In the body you pass:


{

  "name": "File.mp4",

  "size": 1024,

  "parent": {

    "id": "123"

  }

}


If this returns a 200 it means the file does not exist.

if you get a 409 conflict that can mean a couple of things, but those will be included in the rest of the error message:



  • The file already exists

  • You exceeded your quota


So for example with a file that exists:


curl --location --request OPTIONS 'https://api.box.com/2.0/files/content' \

--header 'Content-Type: application/json' \

--header 'Authorization: Bearer 1!M7xj...2QN' \

--data '{

  "name": "test_upload.txt",

  "size": 7409,

  "parent": {

    "id": "198948099055"

  }

}'


Results in:


{

    "type": "error",

    "status": 409,

    "code": "item_name_in_use",

    "context_info": {

        "conflicts": {

            "type": "file",

            "id": "1164548866790",

            "file_version": {

                "type": "file_version",

                "id": "1268299299590",

                "sha1": "da39a3ee5e6b4b0d3255bfef95601890afd80709"

            },

            "sequence_id": "0",

            "etag": "0",

            "sha1": "da39a3ee5e6b4b0d3255bfef95601890afd80709",

            "name": "test_upload.txt"

        }

    },

    "help_url": "http://developers.box.com/docs/#errors",

    "message": "Item with the same name already exists",

    "request_id": "8kp70chhplprfrjr"

}


From here you can decide to upload a new file version, or abort the operation entirely.


You can learn more on the preflight check:



A quick note on the search option.

The major downsize of the search is that it can take minutes to index a recently created file.

The “exact” search query is not really that exact but helps a lot with the fuzzy search.

However you can restrict the search a lot further:



  • Limit the search to a specific folder only [ancestor_folder_ids]

  • Limit the search to look only in file name [content_types]

    (by default it searches name, description, tags, comments and the first 10kbytes of the file)

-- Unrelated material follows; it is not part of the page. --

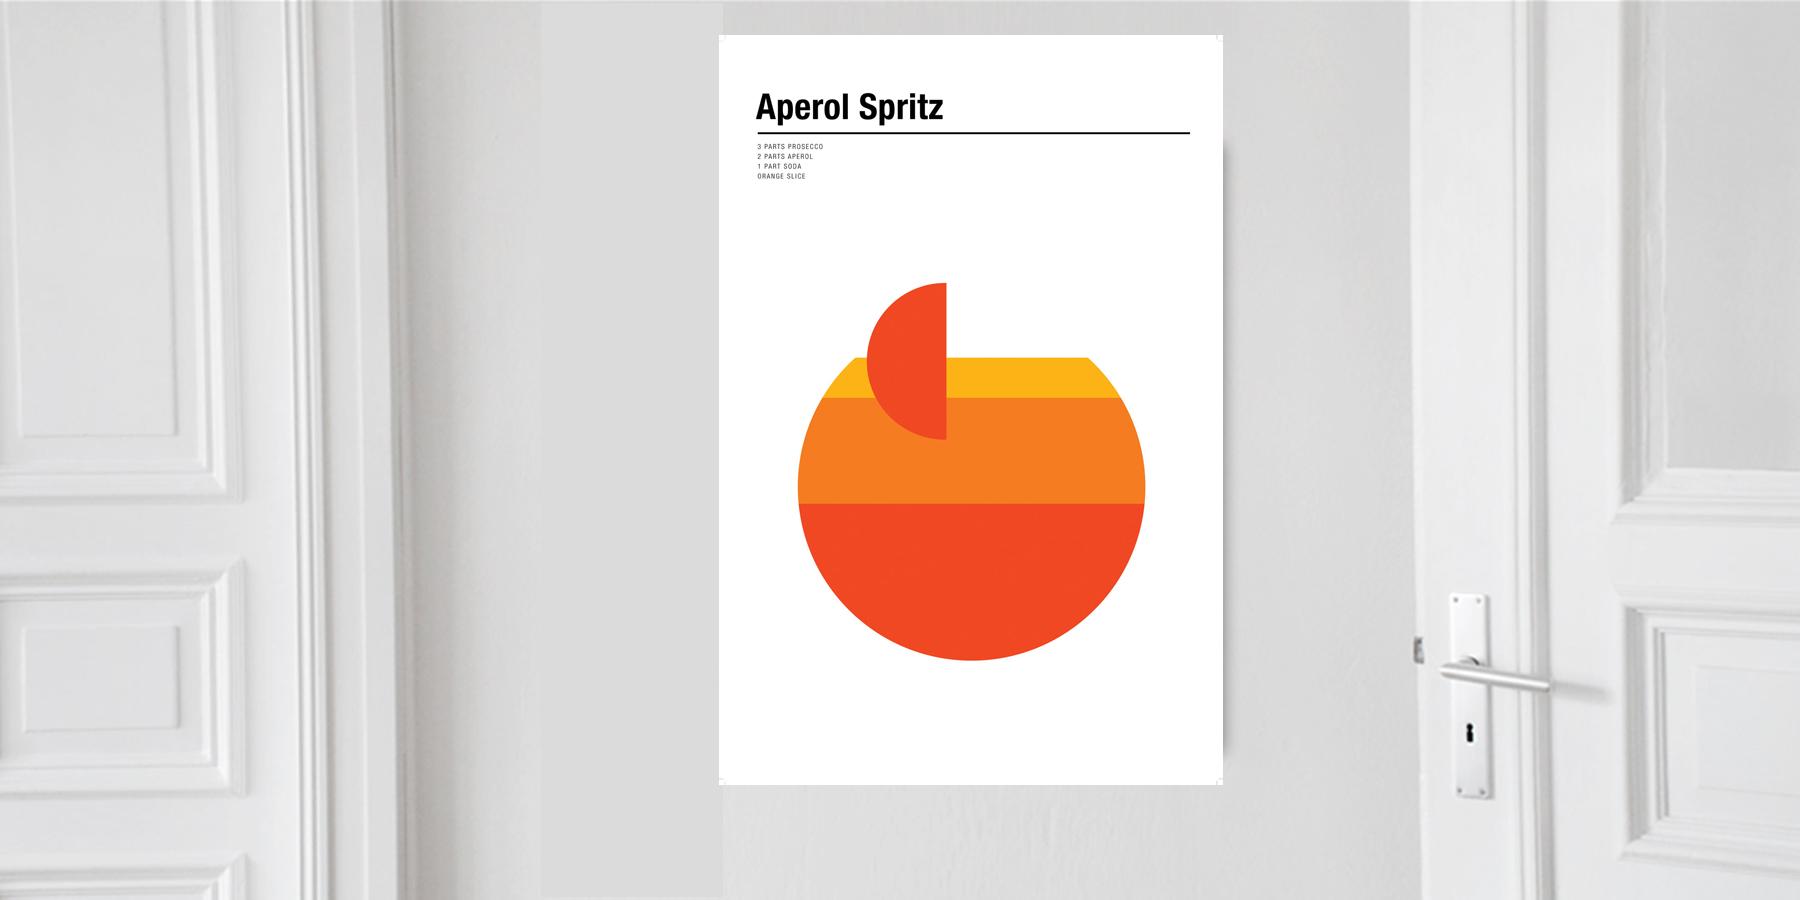 designersgroup - Nick Barclay

  • Limit the object returned to a specific type like only files [type]

  • Limit by file extension [file_extensions]

  • Limit the amount of information returned [fields]

    (this should improve performance, e.g. id,type,name,size)


Always check if the returned file name is in fact the same.


For more information checkout:



Let us know if this helps with your use case.


Cheers

View original
Did this topic help you find an answer to your question?

4 replies

smartoneinok Box
Forum|alt.badge.img
  • Senior Developer Advocate
  • 181 replies
  • September 5, 2023

Hello! 👋


I’m not familiar with rclone… but I’m assuming you have seen this?


Also, I’m not sure what you mean by leaf? Do you mean the file name?


Thanks,

Alex, Box Developer Advocate 🥑


ncw
  • Author
  • New Participant
  • 2 replies
  • September 6, 2023

Sorry I should have made myself clearer! I’m the lead developer of rclone and I wrote the box integration.


What I want is an API method to get a file by name given a folder ID. The current way to do this is to list the folder which takes a long time if the folder has 1,000s of entries.


rbarbosa Box
  • Developer Advocate
  • 553 replies
  • Answer
  • September 8, 2023

HI @ncw


What a pleasure to get the chance to support rclone.


With our end of life for WebDav in April 2023, and our Box drive app only being available for windows and mac, rclone becomes the only option for linux users.


To your point, it all depends on the use case, mainly why you want to perform that check and what are you going to do after.


Nevertheless here is an option that come to mind, hopefully it will be applicable.


Assuming you have the folder id, the file name, and optionally it’s size, you can perform an HTTP OPTIONS to the /files/content endpoint.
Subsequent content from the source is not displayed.